• Brief: Set out word for word the line that contains "Minimalist steel and glass trestle table." and each line after it, through the end of the data below, but exclude the pictures.

• Data shown:
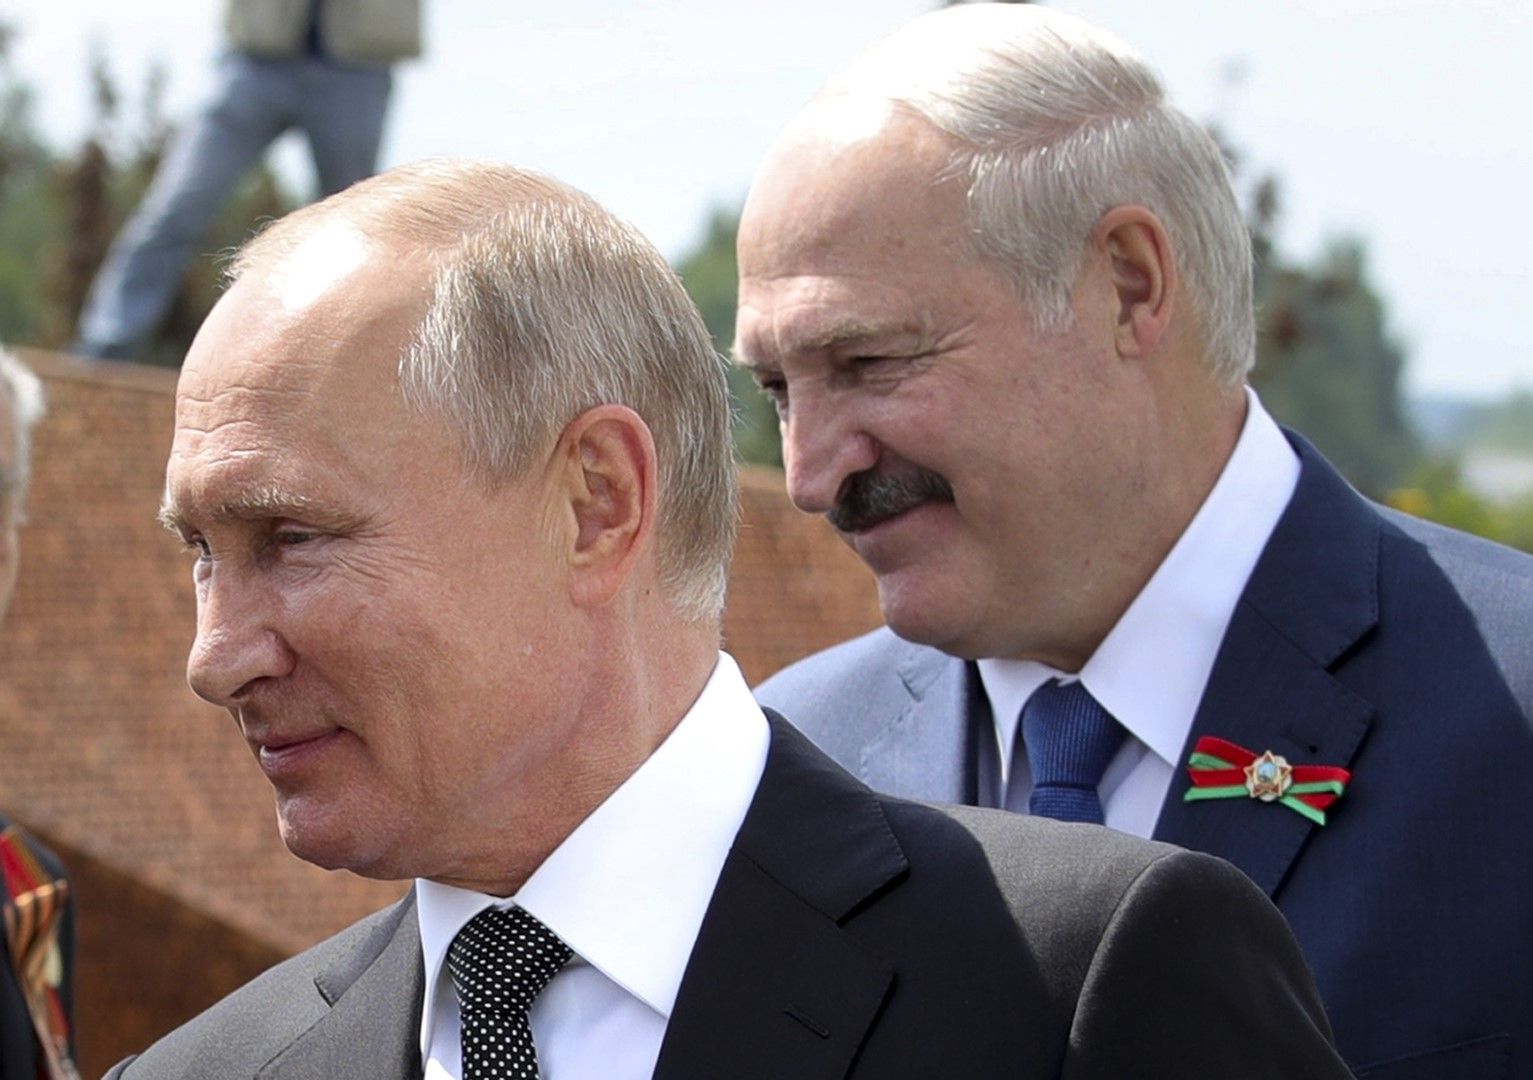 Владимир Путин и Александър Лукашенко разговарят с ветерани от Втората световна война по време на откриването на монумент в тяхна чест в Хорошево, северозападно от Москва на 30 юни 2020 г.
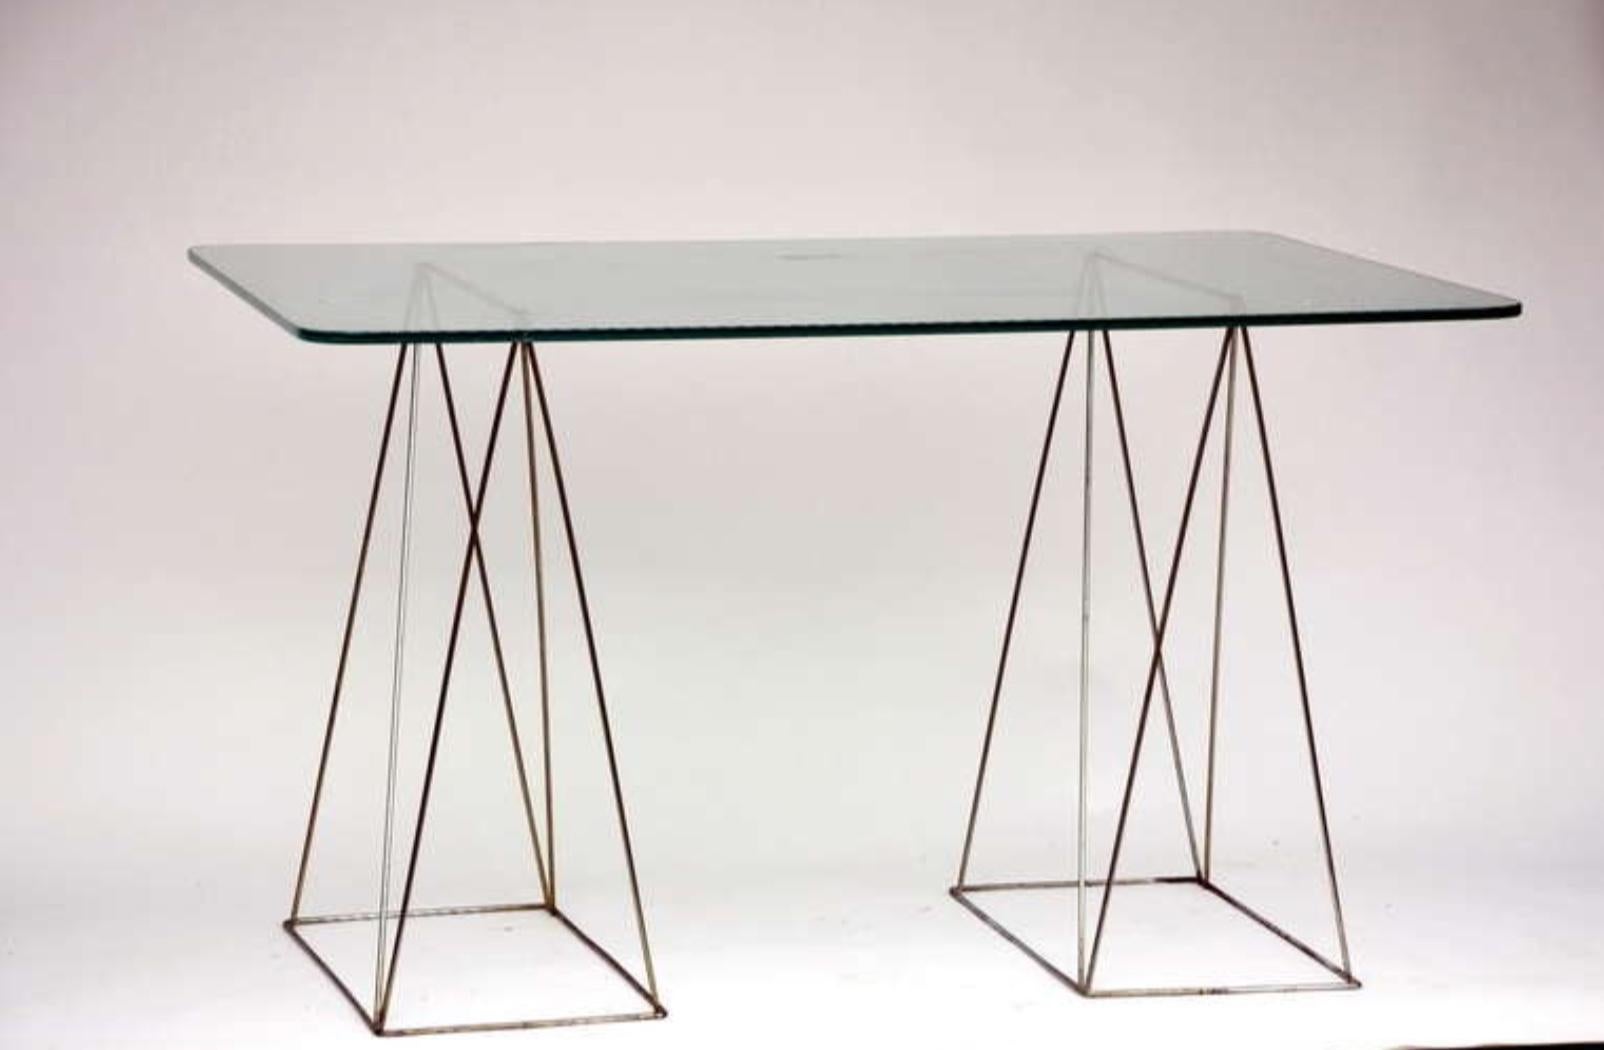 Minimalist steel and glass trestle table.
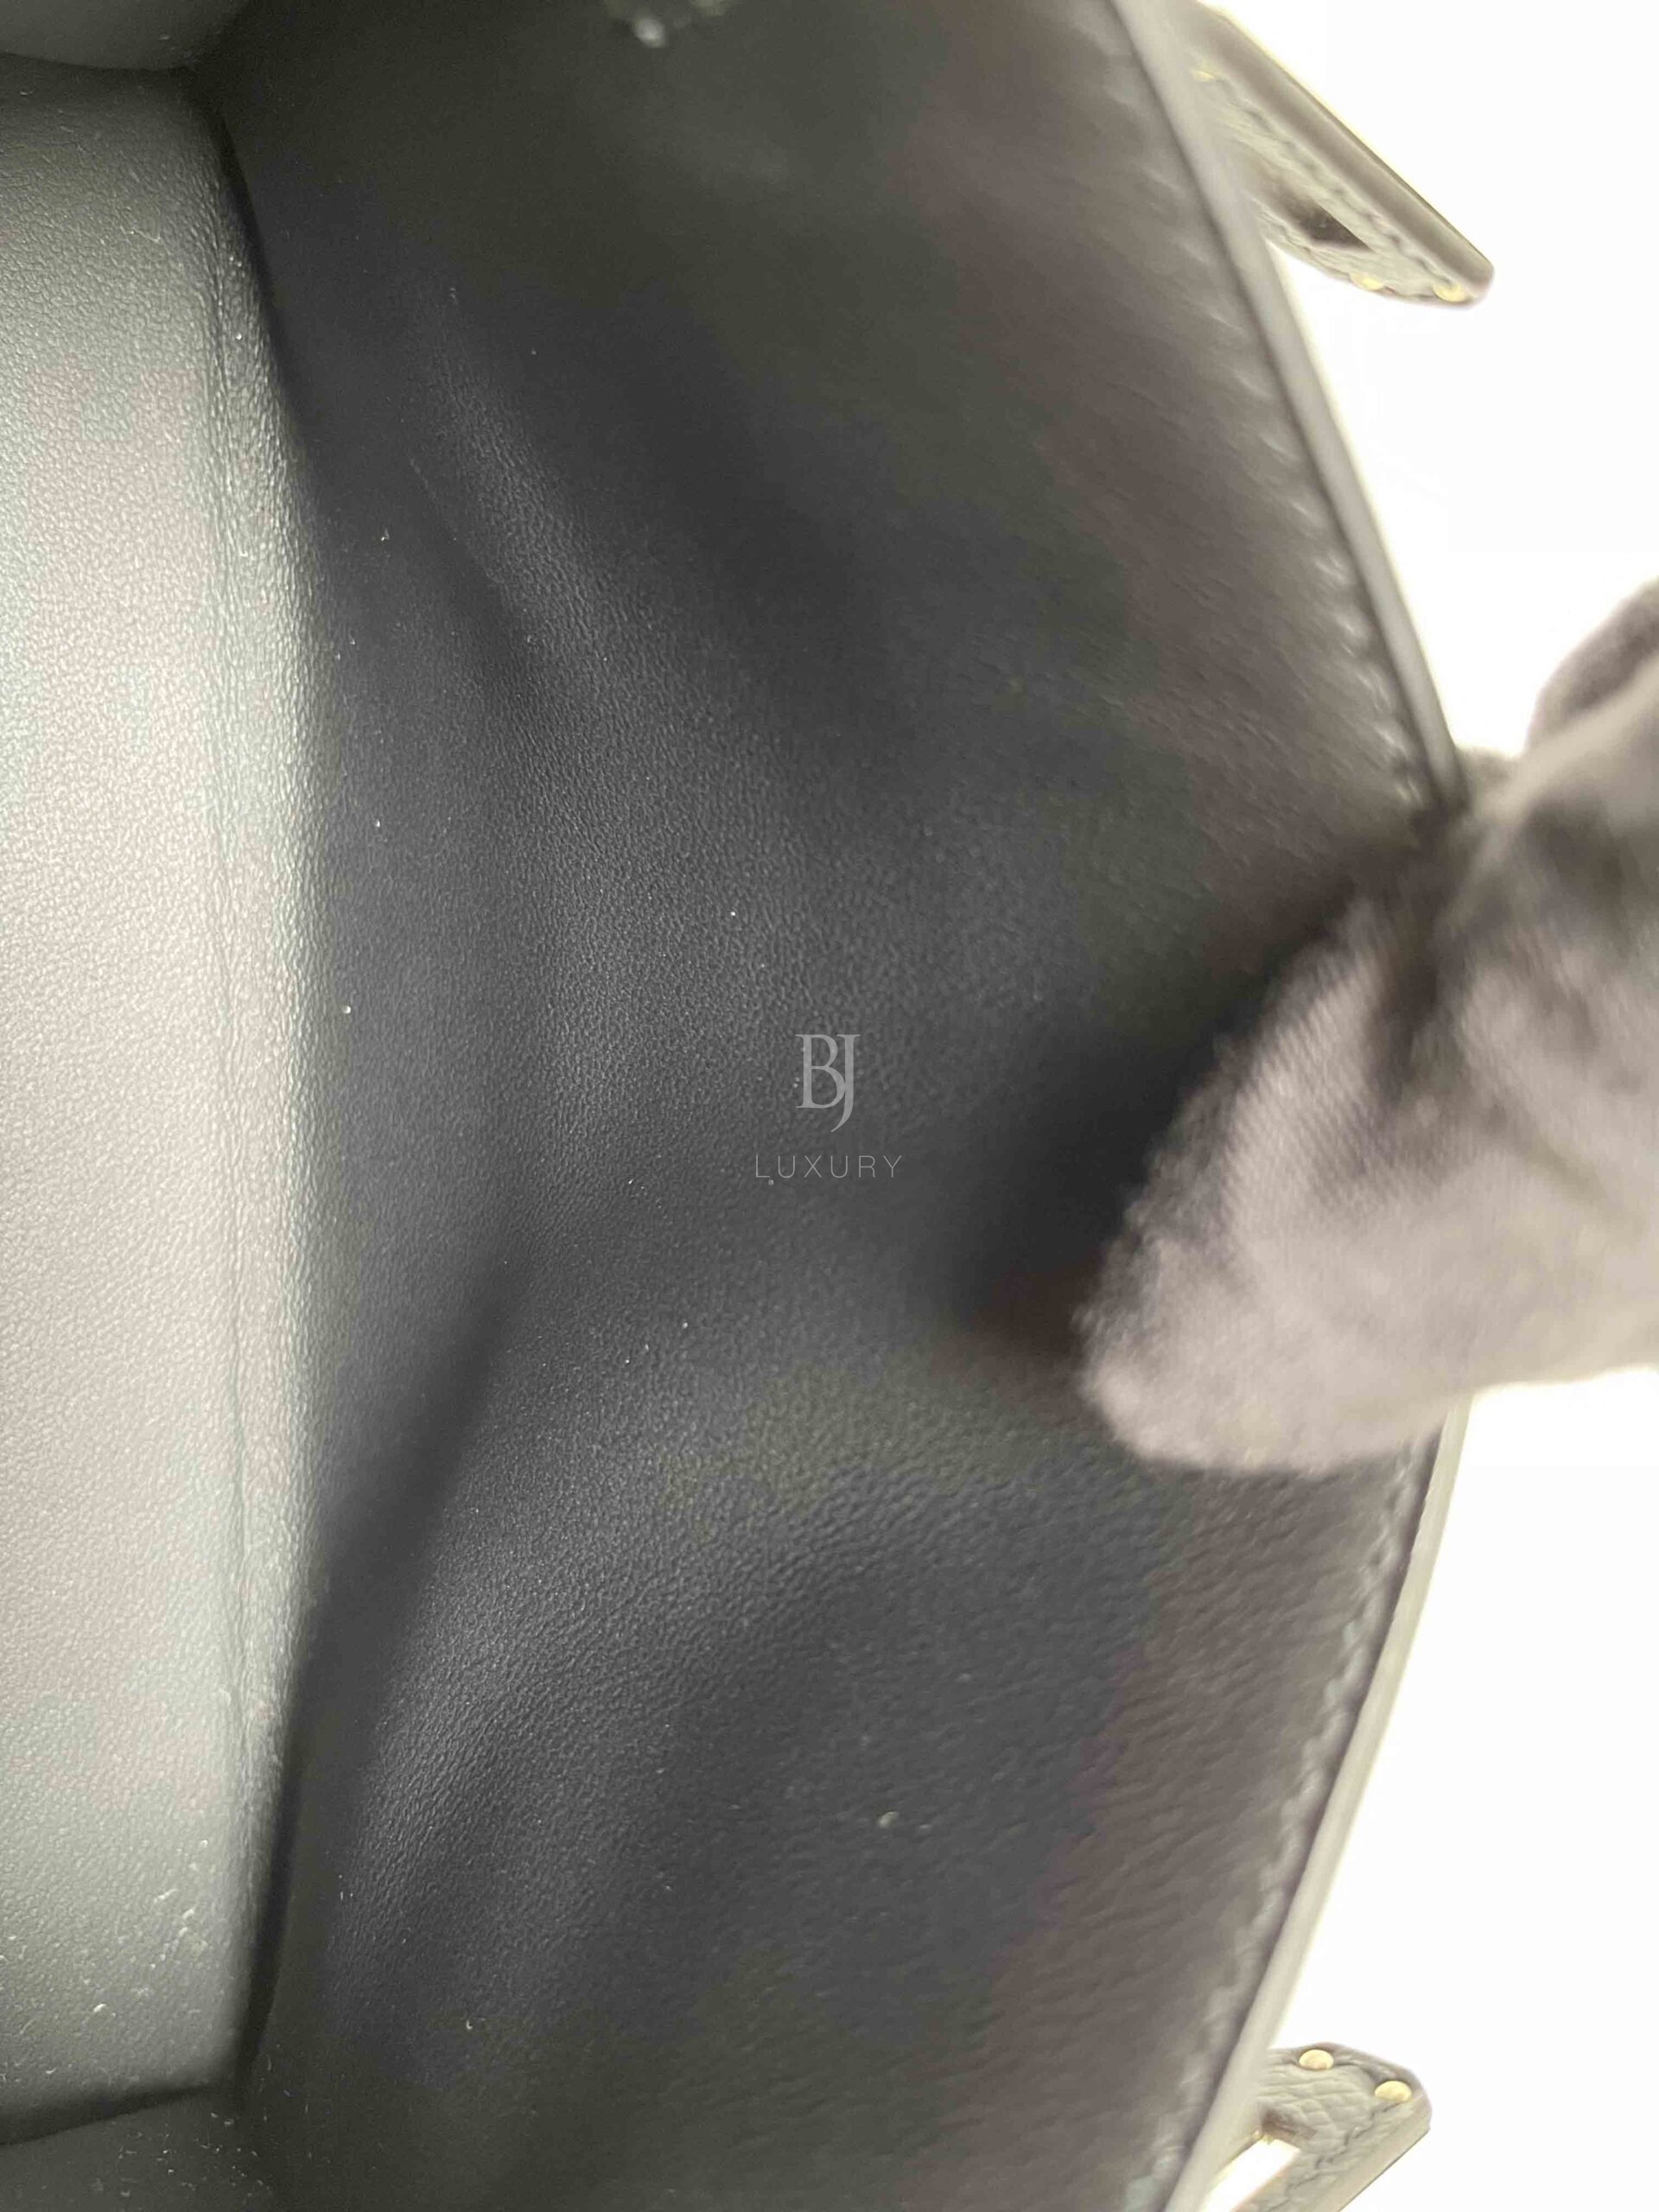 HERMES-KELLYSELLIER-20-BLACK-EPSOM-Photo 13-10-22, 5 29 27 PM.jpg

• Response to the exercise:
 Minimalist steel and glass trestle table.
 HERMES-KELLYSELLIER-20-BLACK-EPSOM-Photo 13-10-22, 5 29 27 PM.jpg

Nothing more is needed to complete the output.